Which lesion were you referring to - as far as I recall - there has been little success detecting Bartonella from teh classic striae lesions that appear on some patients skin with the disease ( this could be out of date now )
https://www.google.com/url?sa=i&sou...aw12ZBkZ71dJW4ZwECP3zFlt&ust=1567248834409933

but much better success via culture of swollen lymph nodes ( a classic symptom) and initial bite lesion.

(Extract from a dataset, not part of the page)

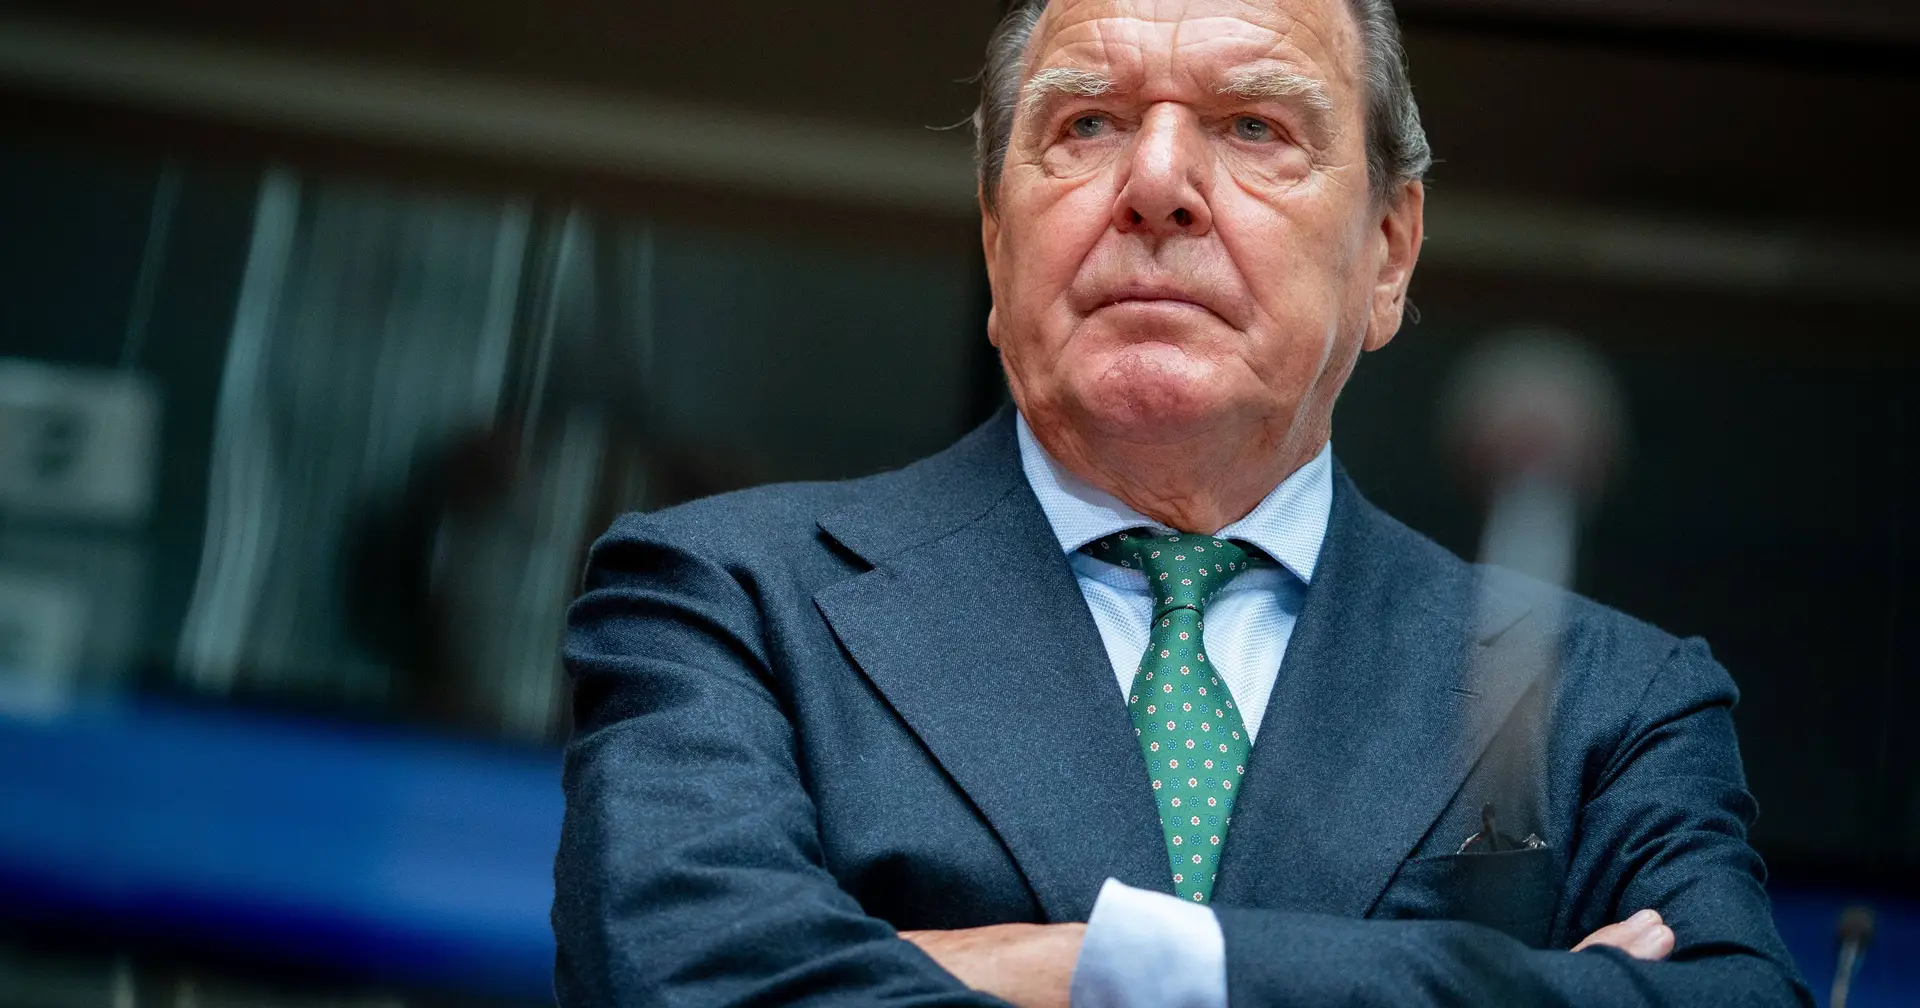 Alemanha admite reverter vantagens concedidas a Gerhard Schröder, próximo a Putin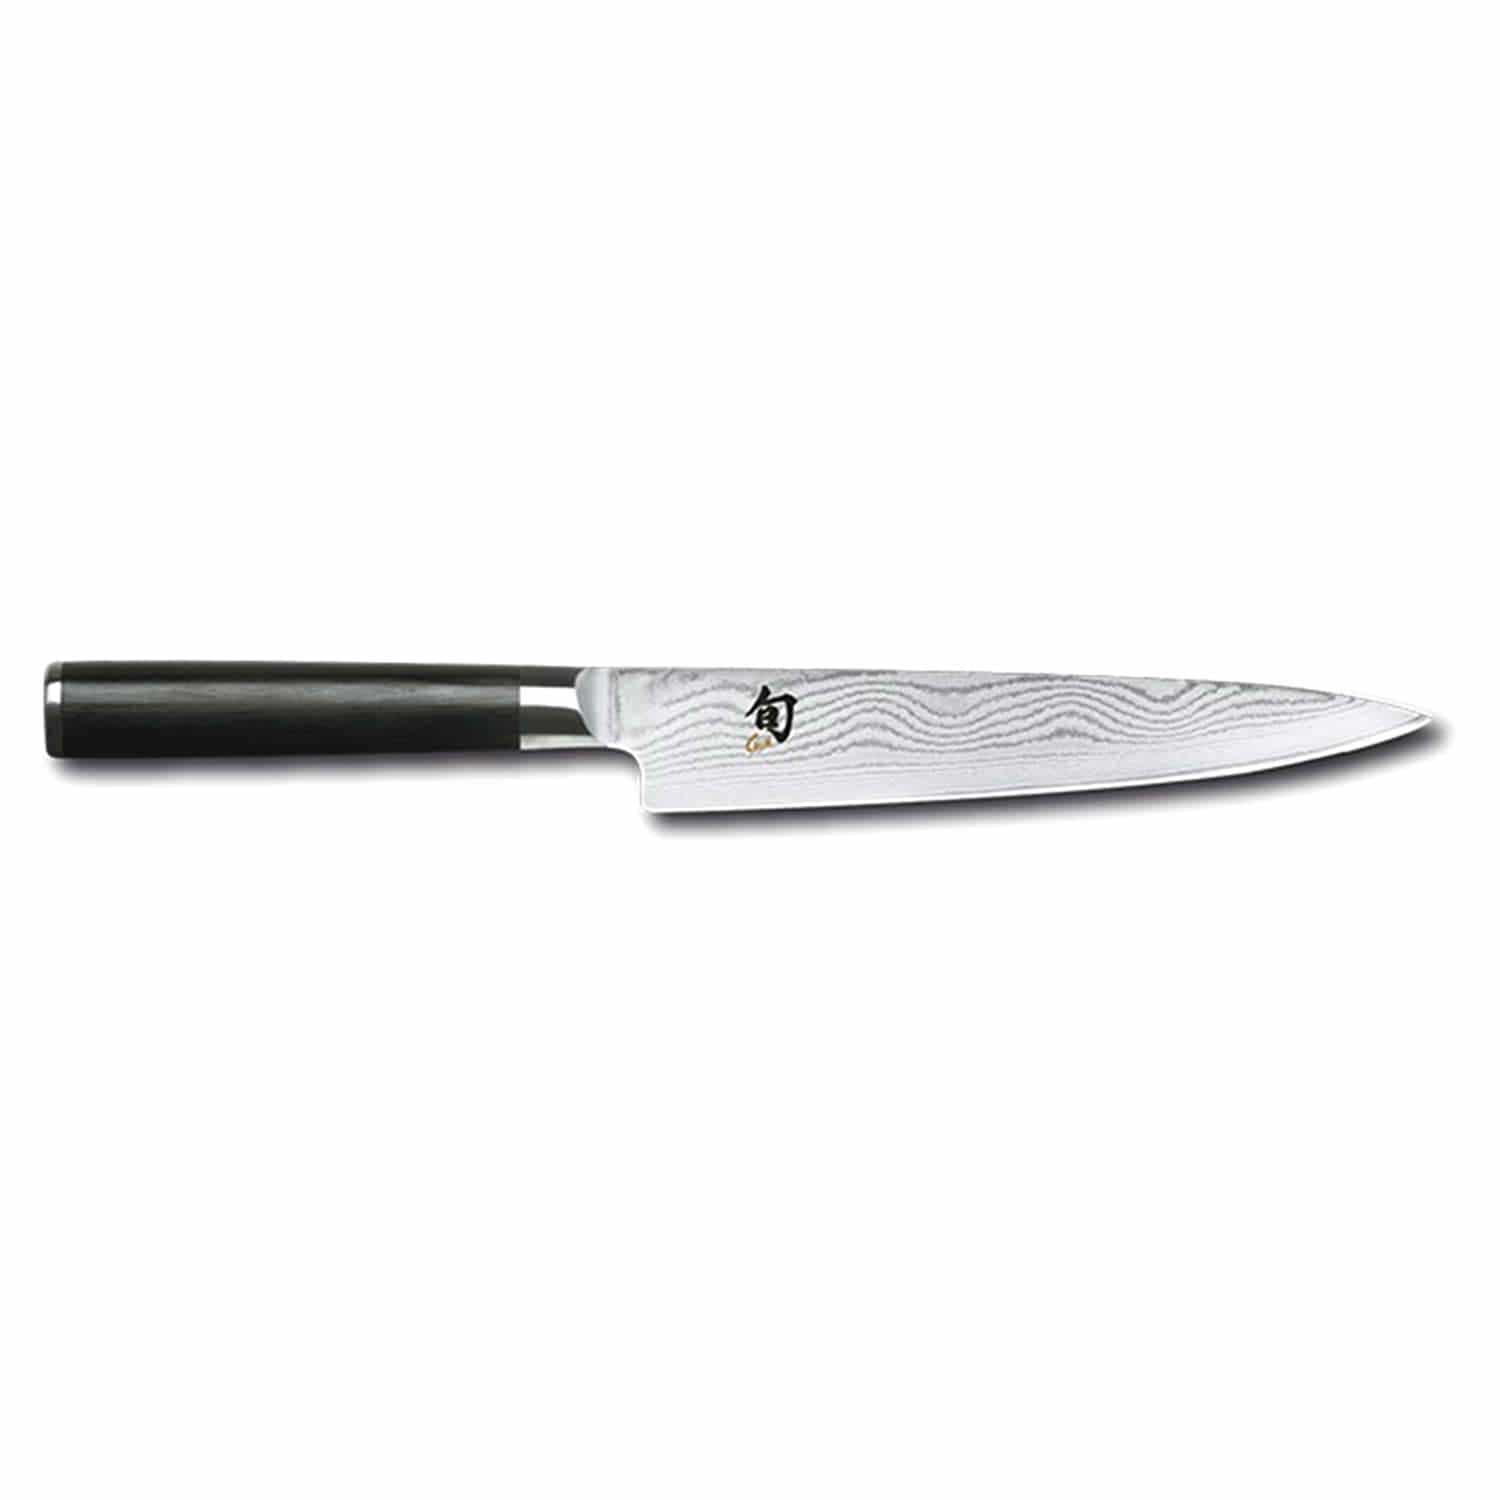 كاي شون 6 سكين متعدد الاستخدامات - اسود، 15 سم - DM-0701 - Jashanmal Home

I was tested for Bartonella via Armin Labs Germany - but this was via Elispot ( lymphocyte transformation test) and was negative - but there are numerous difficulties with all indirect tests for Bartonella - including ELISA. IFT and LTT - and my Natural Killer cell count was around 1/10th of the average normal range - and LTT are thought to be prone to false negatives in this case.
That said - Bartonella has been shown to reside in the skin long term in the chronically infected and so the samples you have had sequenced could have contained it - in fact, standard PCR is more likely to pick it up there as Bartonella is not in the bloodstream in any appreciable amount most of the time. Instead, it lives mainly in endothelial cells lining the blood vessels out of reach of most of the human immune system defenses and only releases into the bloodstream periodically (This can be linked to periodic fluctuations in illness symptoms). I believe it has also been found protected inside keratocytes in the skin and been shown to resist even combination therapy with multiple antibiotics there. eg fever/sweats, malaise, hemolytic anemia. This periodicity may vary with species or strain).
I have read extensively into the science-based literature on Bartonella - its a deloping field with new variants being discovered all the time and still plenty of vagueries and mysteries.
About the most knowledgeable I have found is a vet called Edward Breischwerdt - he had been at the forefront of research for some years now and had identified several new strains, characterized the diseases they cause and treated animals and humans. I think he may be linked to Galaxy diagnostic - as they use the enhanced BAPM cultured PCR test for it. that would be the lab I would use if I were to pay for more testing.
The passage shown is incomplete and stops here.